#### WHAT IS REQUIRED
For the listing below, the answer is an exact retyping of the lines from the one with "Charming Pave Turtle" through the one with "A Badger volleyball", both included, without pictures.

#### DATA BLOCK
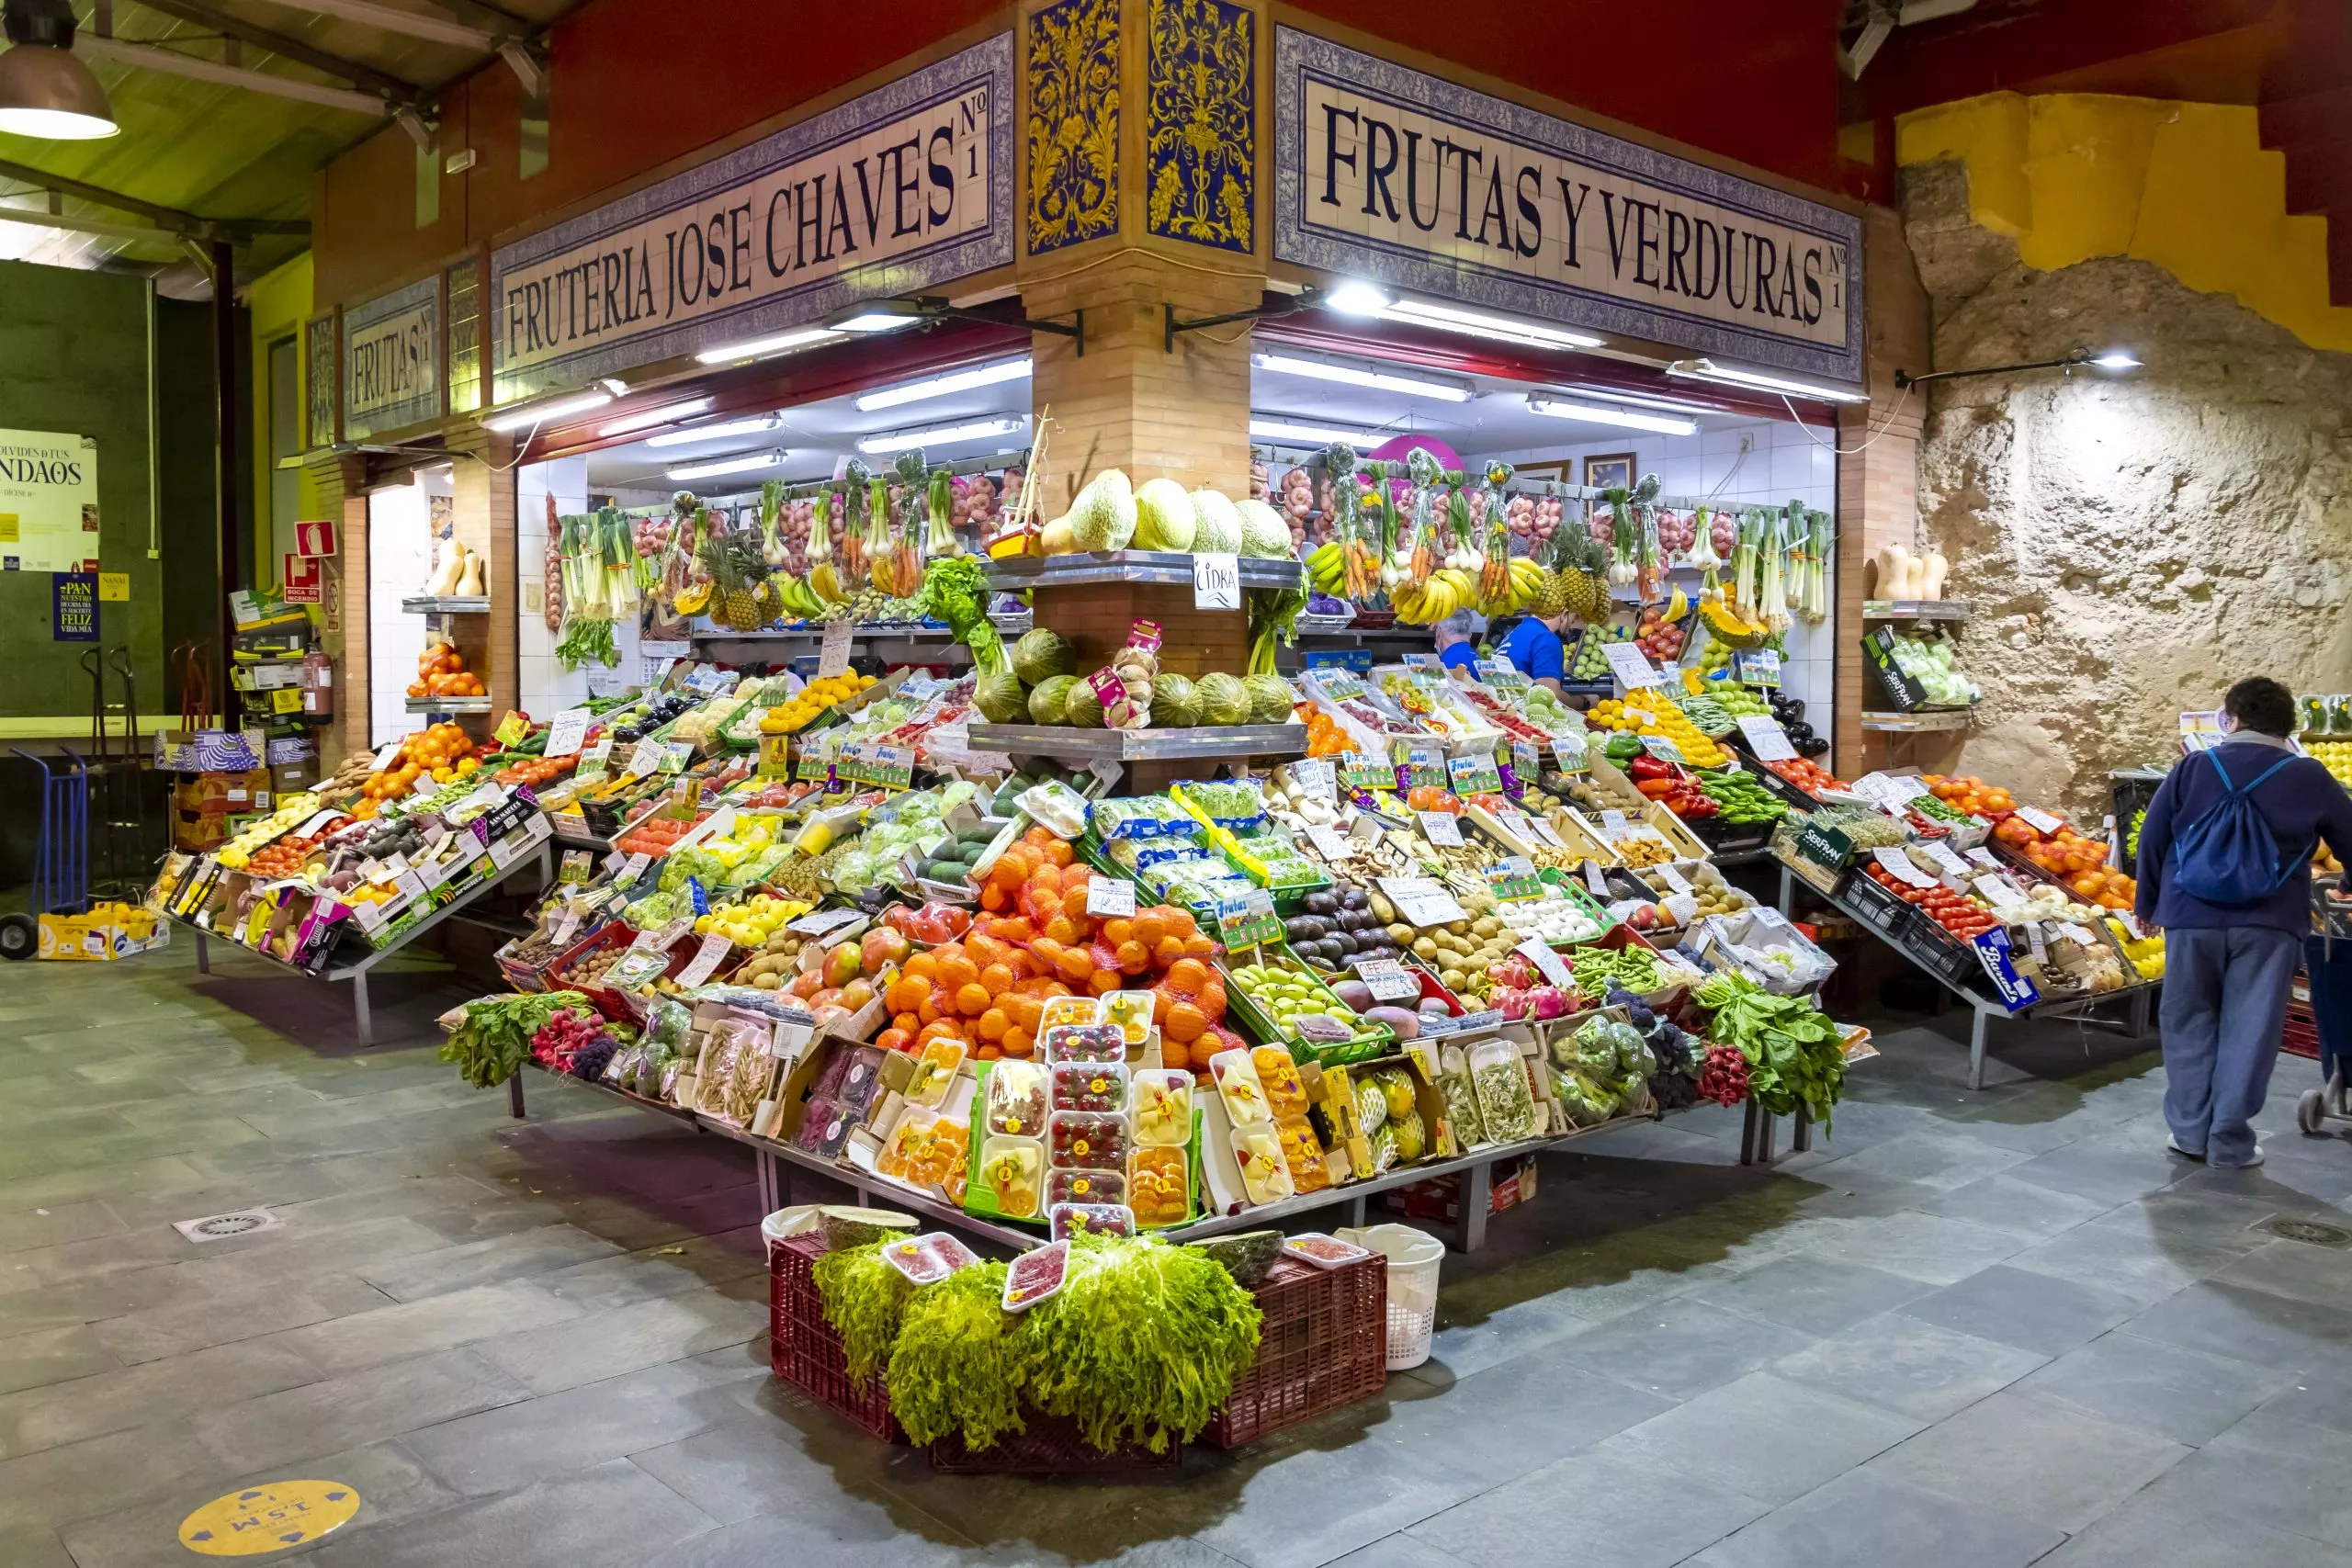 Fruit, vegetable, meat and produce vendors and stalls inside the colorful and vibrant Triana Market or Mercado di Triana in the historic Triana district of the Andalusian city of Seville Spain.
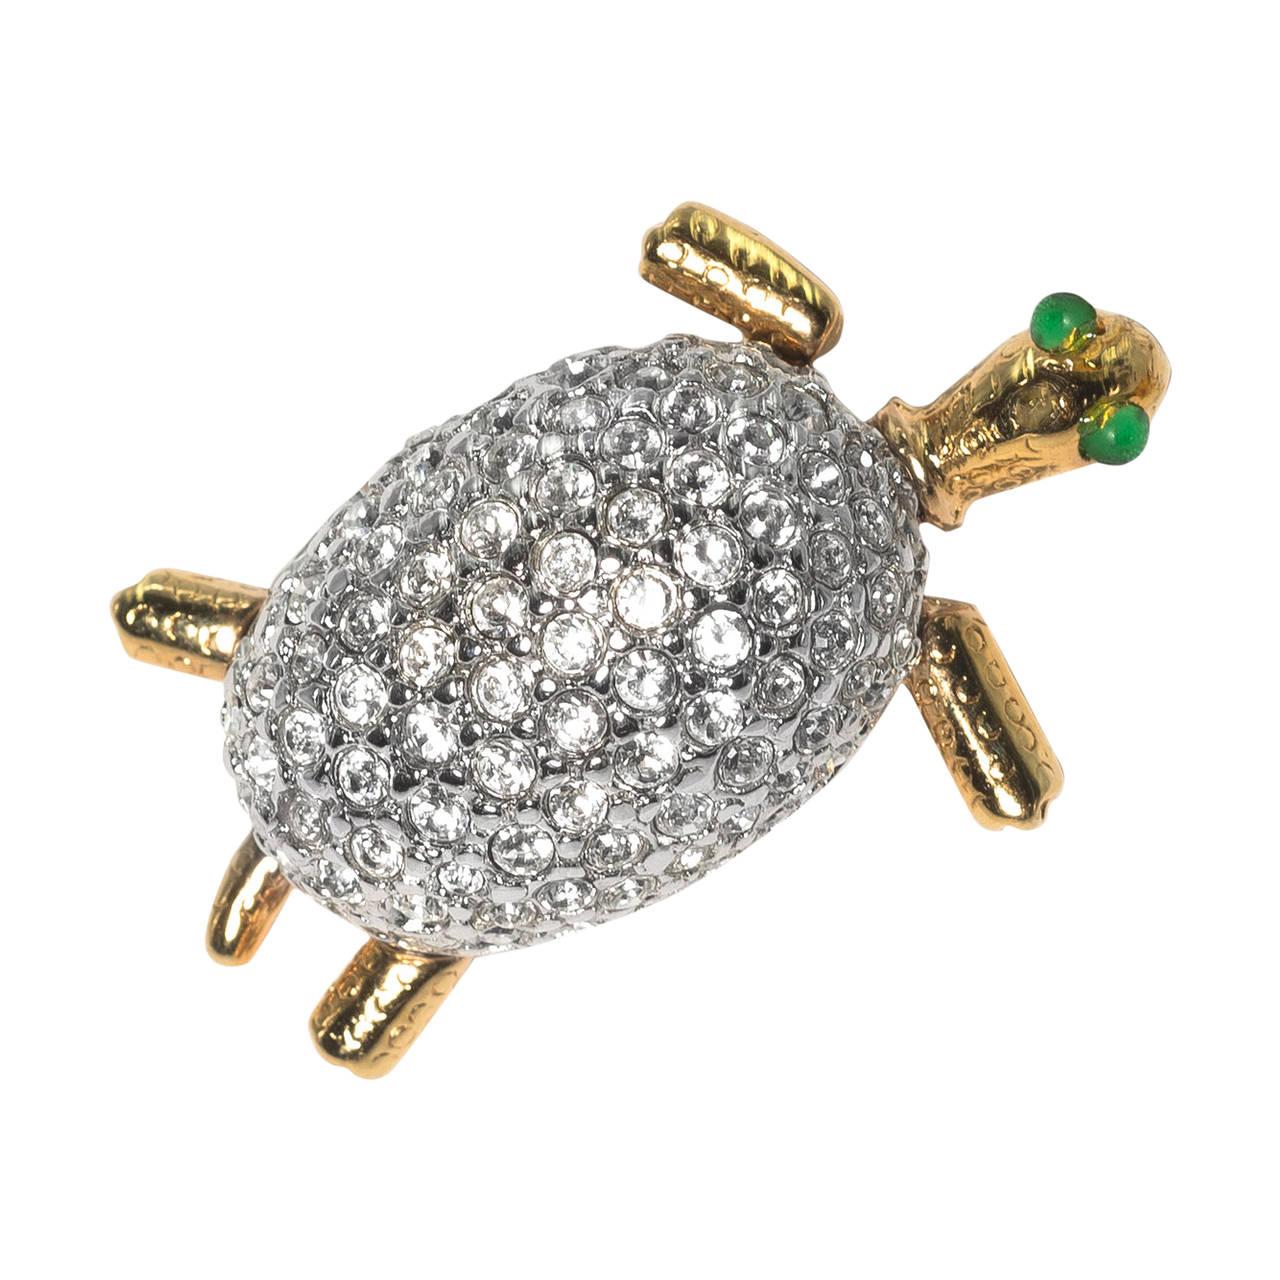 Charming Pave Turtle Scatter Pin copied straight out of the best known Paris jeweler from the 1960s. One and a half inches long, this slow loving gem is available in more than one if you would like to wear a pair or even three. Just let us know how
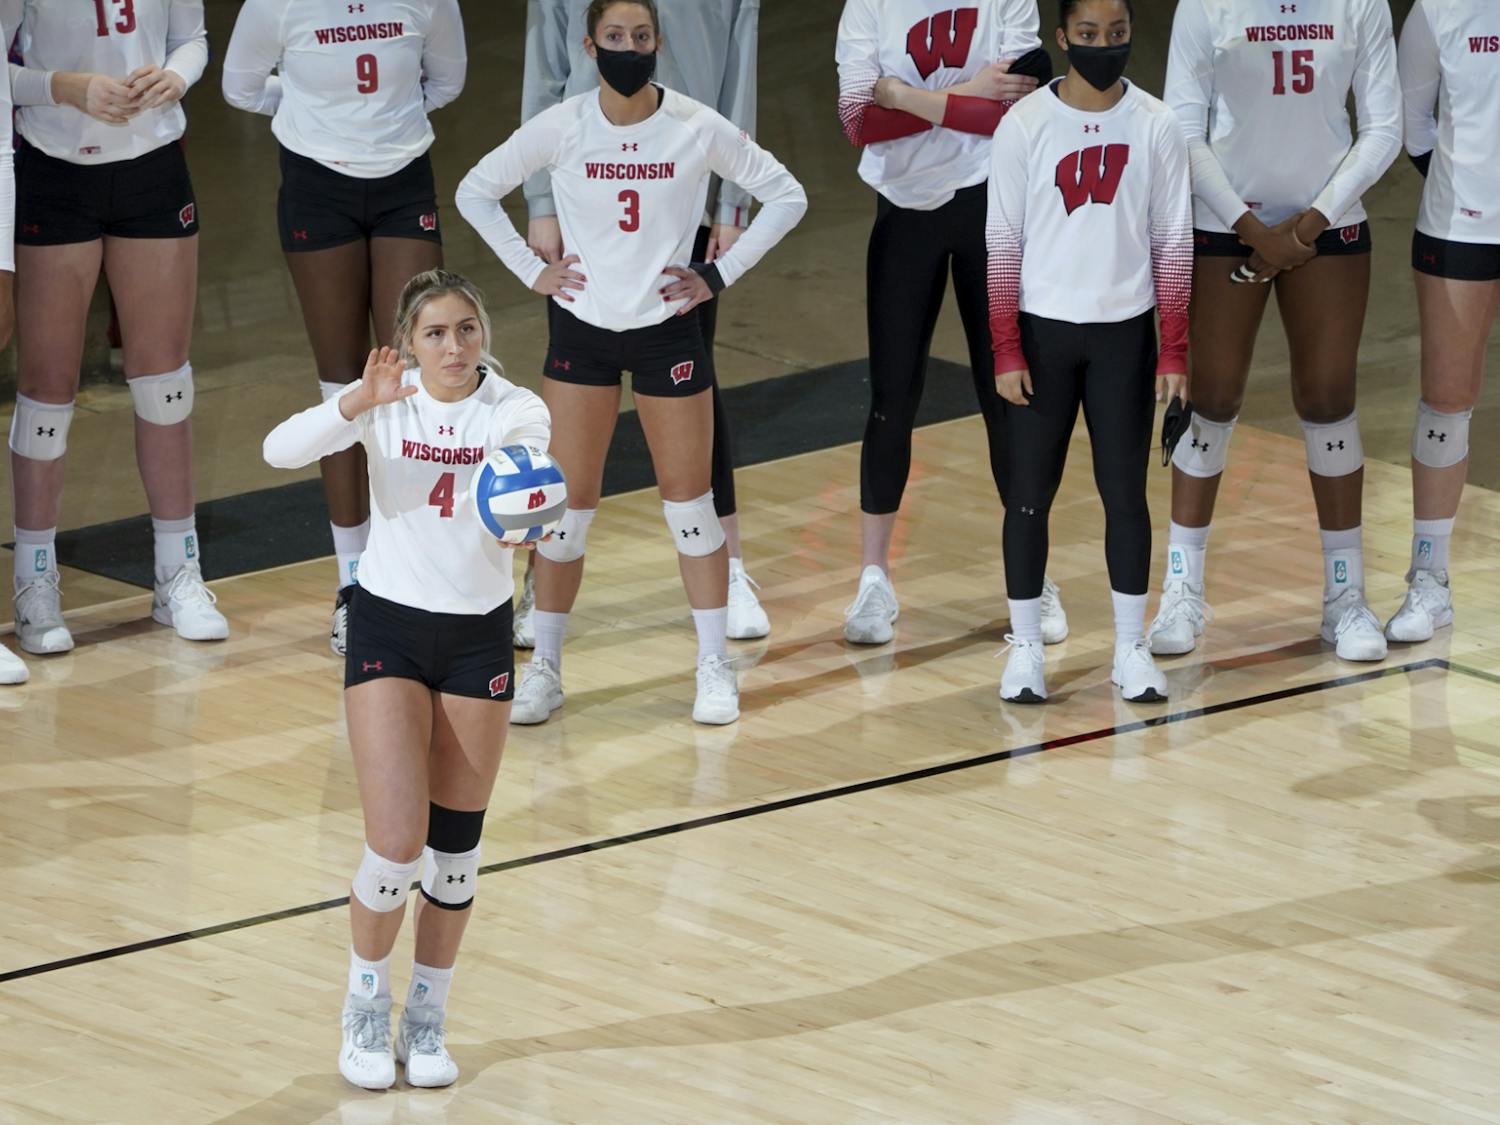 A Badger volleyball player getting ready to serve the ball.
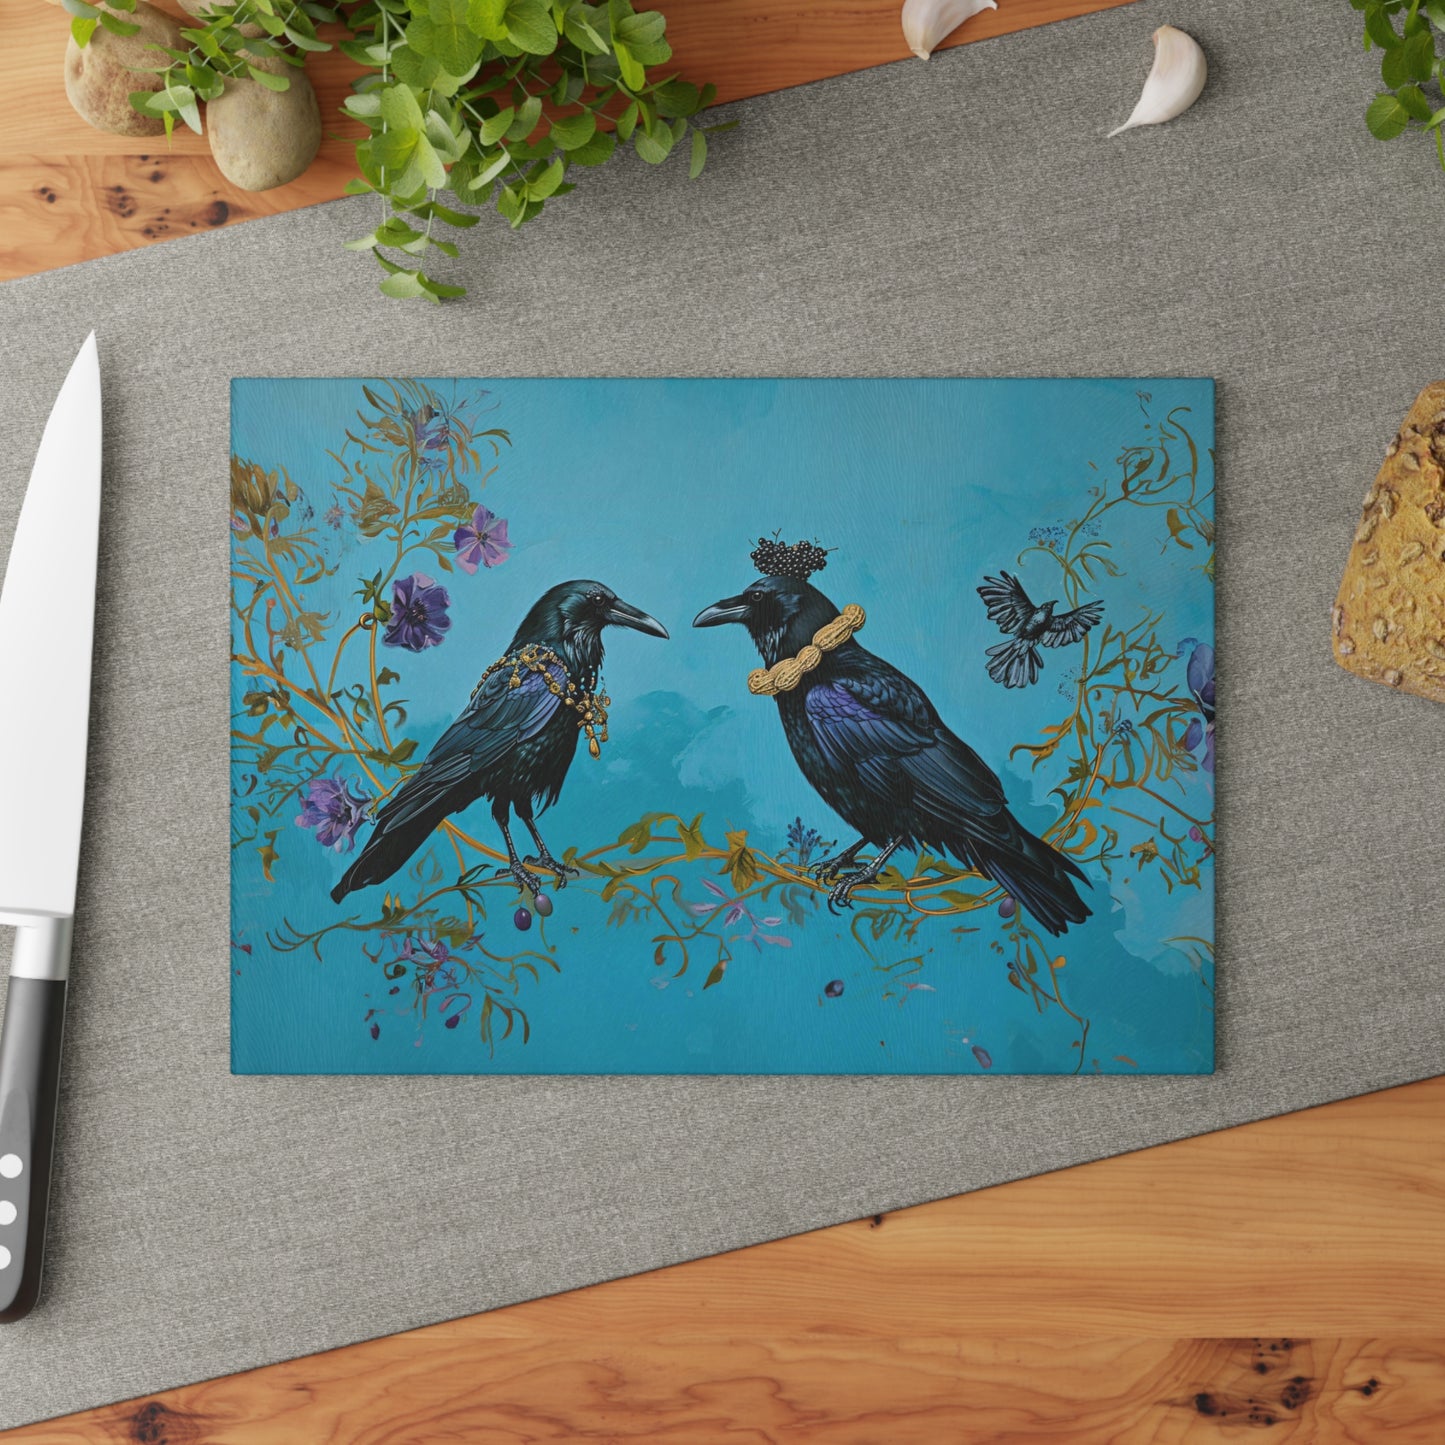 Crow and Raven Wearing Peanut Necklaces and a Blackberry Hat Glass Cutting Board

#### SOLUTION FOR THIS PROBLEM
 Charming Pave Turtle Scatter Pin copied straight out of the best known Paris jeweler from the 1960s. One and a half inches long, this slow loving gem is available in more than one if you would like to wear a pair or even three. Just let us know how
 A Badger volleyball player getting ready to serve the ball.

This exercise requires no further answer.